Letter from Permanent Secretary, Department
for Business, Innovation and Skills
NAO REPORTVENTURE CAPITAL SUPPORT
TO SMALL BUSINESSES
Thank you for forwarding the transcript of the
PAC hearing. I attach a copy with a few changes, broadly typographical
amendments, and one note of a correction to the transcript.
Mr Earley wishes to amend his statement to Mr
Griffiths at Q31 and Q32, and to Mr Bacon at Q37. This was incorrect.
Mr Earley gave a figure on the proportion of the fees which could
nominally be attributed to the taxpayer which was an estimate
prior to the RVCF programme launching. The correct figure for
the programme at inception is 29.7%.
The committee requested further information
which I am happy to provide. Mr Griffiths asked about the transparency
of the funds. Capital for Enterprise Limited has identified the
need to publicise better the performance of the Department's fund
investments and to this end has provided a breakdown on the funds
on its website, with regional analyses and benchmarking data.
CfEL has also extended the information about its activities on
the website; begun to issue a quarterly email newsletter to some
450 interested parties in the sector; and sponsored awards and
events for female entrepreneurs to promote the Aspire Fund.
Mr Bacon was interested in the fees paid to
the fund managers. Fund managers provide a source of general business
advice, help recipient businesses raise additional finance elsewhere
and assist in the development of business and marketing plans
and the recruitment of key staff, often taking a seat on the Board
of invested companies. One case study states that:
"I ring our Non-Executive Director several
times a week to bounce ideas off him or to get his take on things.
I find that side of it very valuableit has been almost
as valuable as the money.
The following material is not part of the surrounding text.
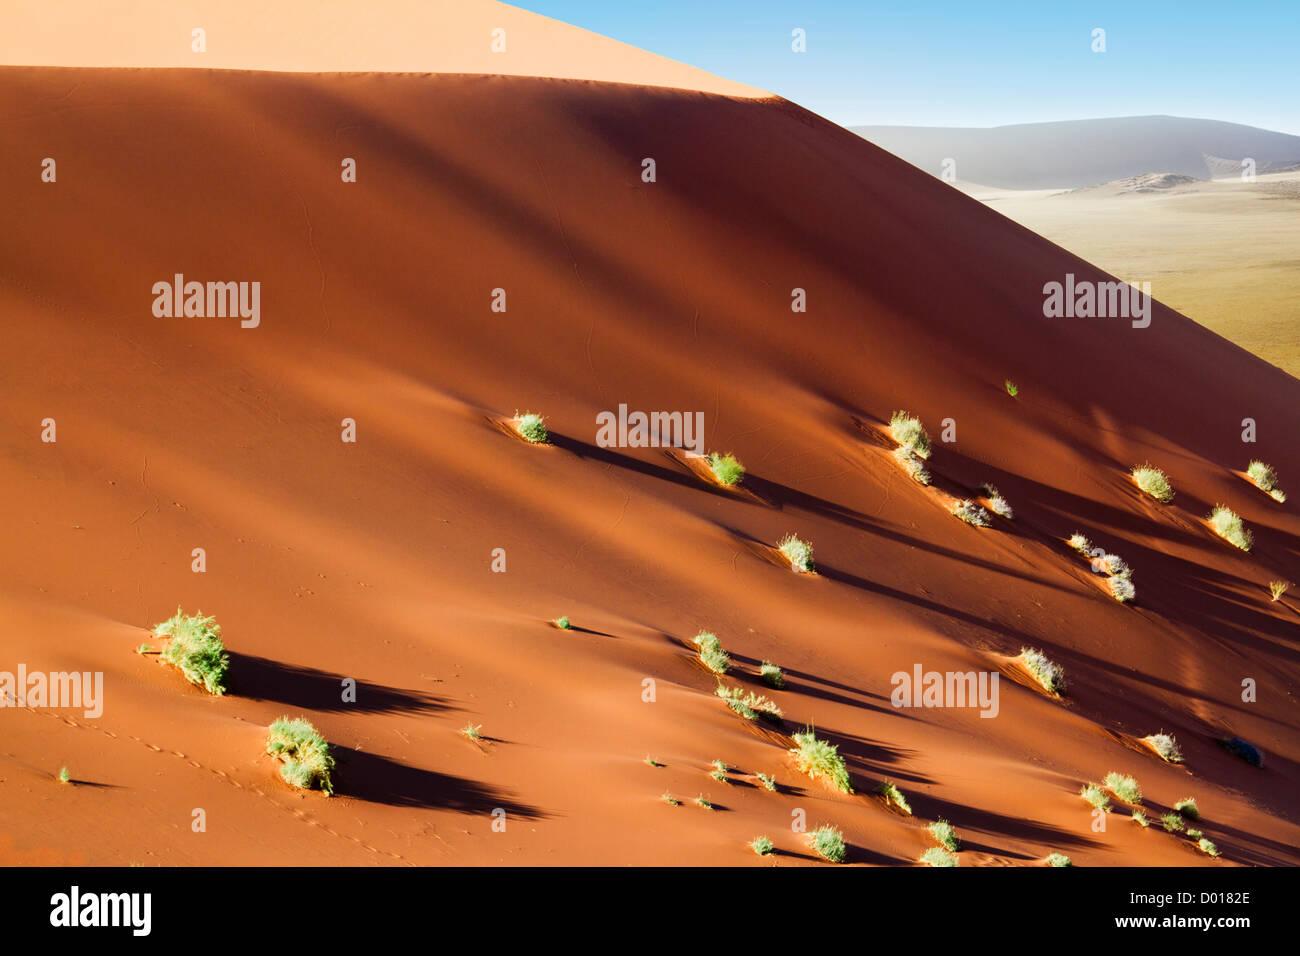 Wandering dune of Sossuvlei in Namibia - Stock Image

This is something we didn't anticipate
when we applied for the funding".
(BERR RVCF and EGF Interim Evaluation: July 2009).
In the interim economic assessment of the RVCF
and EGF programmes, 61% of respondents held the view that the
assistance received from their Fund Manager had been of significant
or notable benefit. It is this intensive support that the small
cadre of firms with substantial potential require to succeed.
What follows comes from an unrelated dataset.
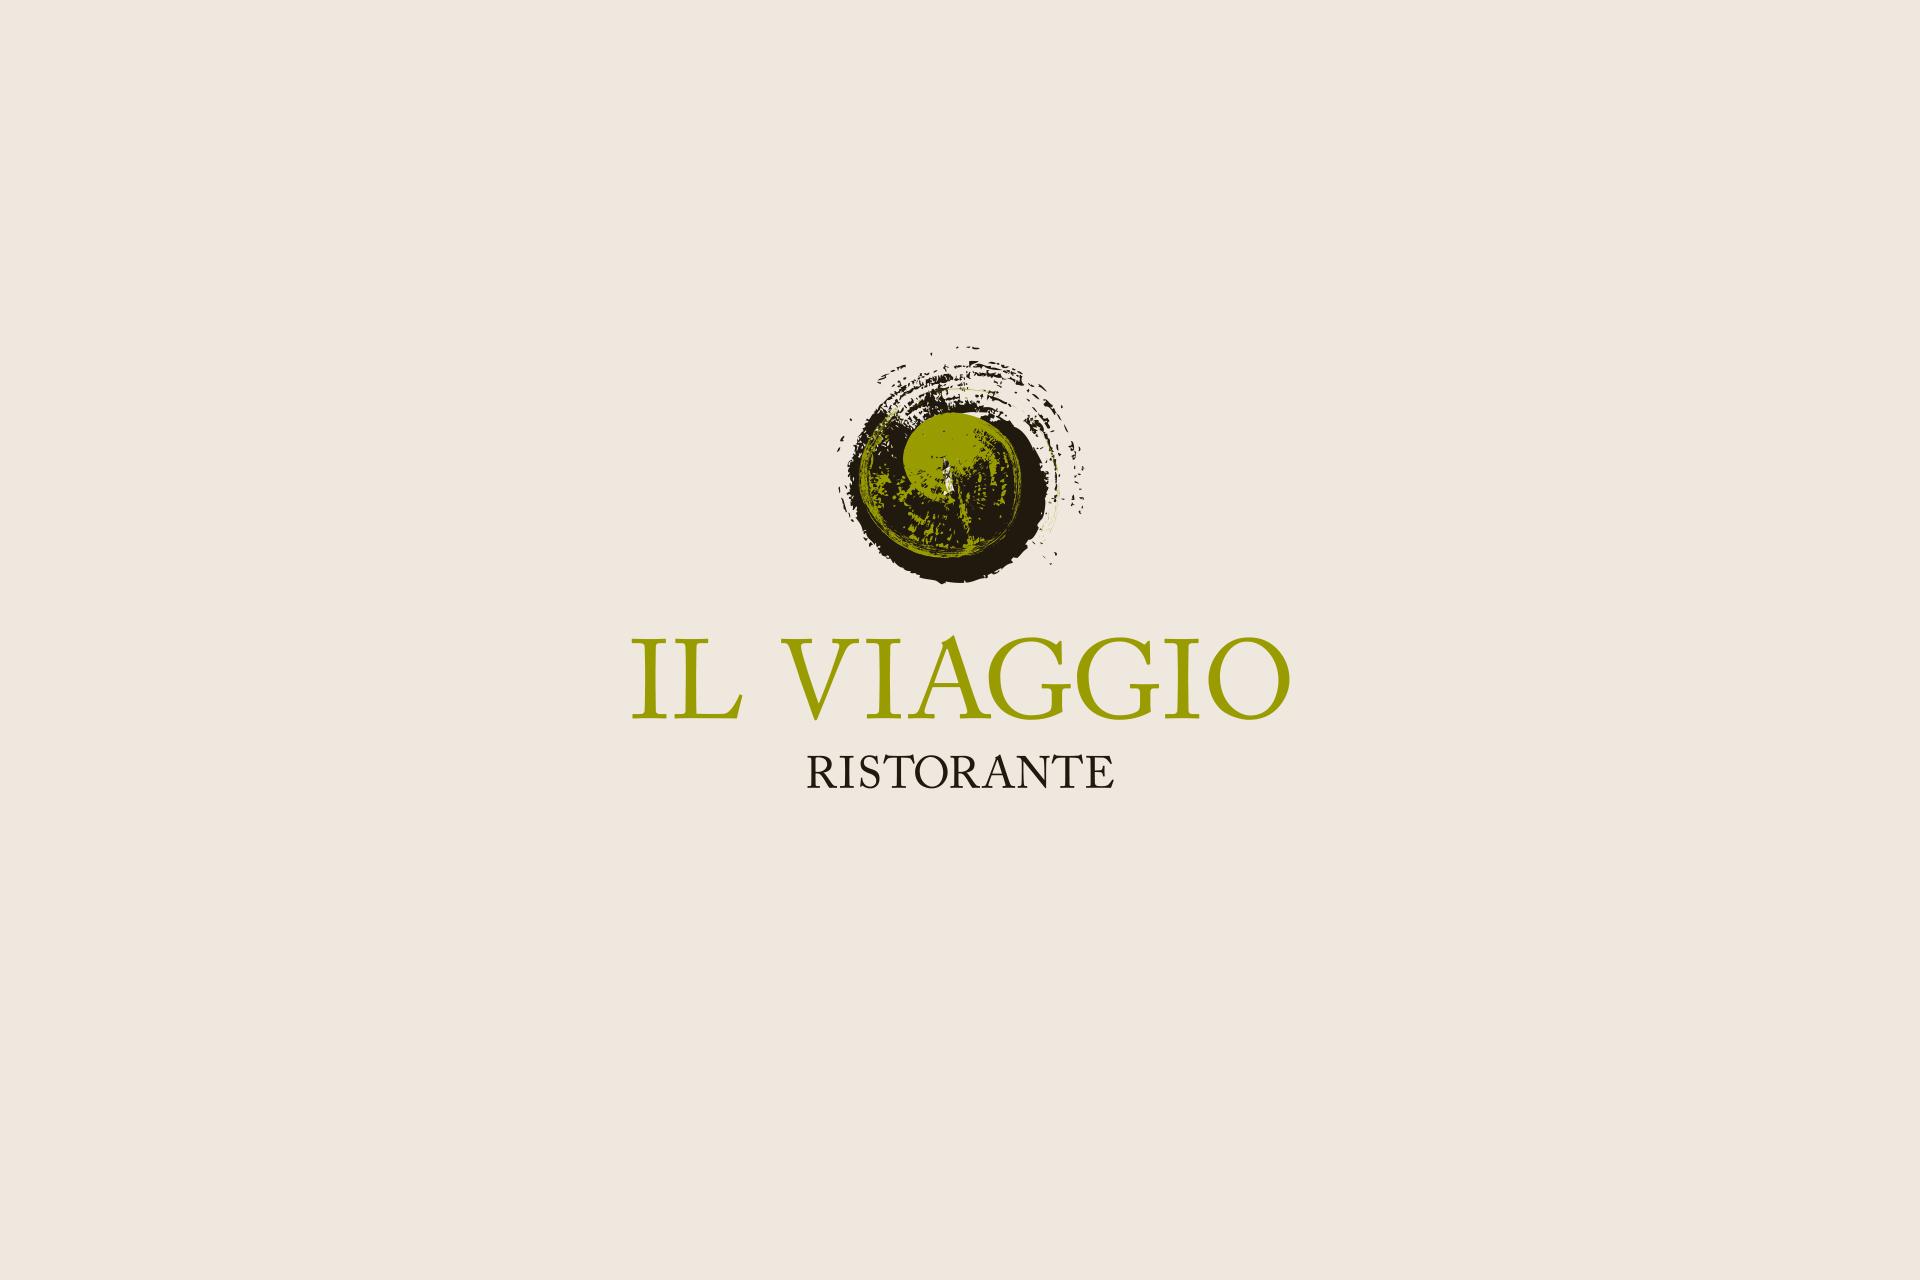 IL Viaggio Ristorante Лого дизайн и визуална комуникация на ресторант

I attach further details of the fees paid by
the tax payer and details of the financial performance of the
funds. The information provided is in a format that we believe
does not breach our confidentiality obligations and gives full
details of the capital committed, drawn-down and invested, together
with the value of the portfolio and the net realised gains and
losses for each programme. The information is not broken down
by fund. Mr Earley is happy to meet with committee members to
present this additional detail in confidence as is provided for
in the legal commitments that we use to establish the funds, and
bearing in mind our agreements on confidentiality relating to
fund managers.
Finally we referred to the work of Professor
Josh Learner. I attach the relevant quotes that Mr Earley referred
to at the committee, a link to the publication that came from
and the bibliography. We have also learnt that the ECF's have
been used as a case study by London Business School and Harvard
Business School. The case study was discussed at an international
conference on public support for venture capital which was held
in November 2009 in Canada. Following the conference a formal
case study is being prepared for students at Harvard Business
School.
As I said in my concluding remarks to the Committee,
the NAO report is balanced. It identifies areas for further improvement.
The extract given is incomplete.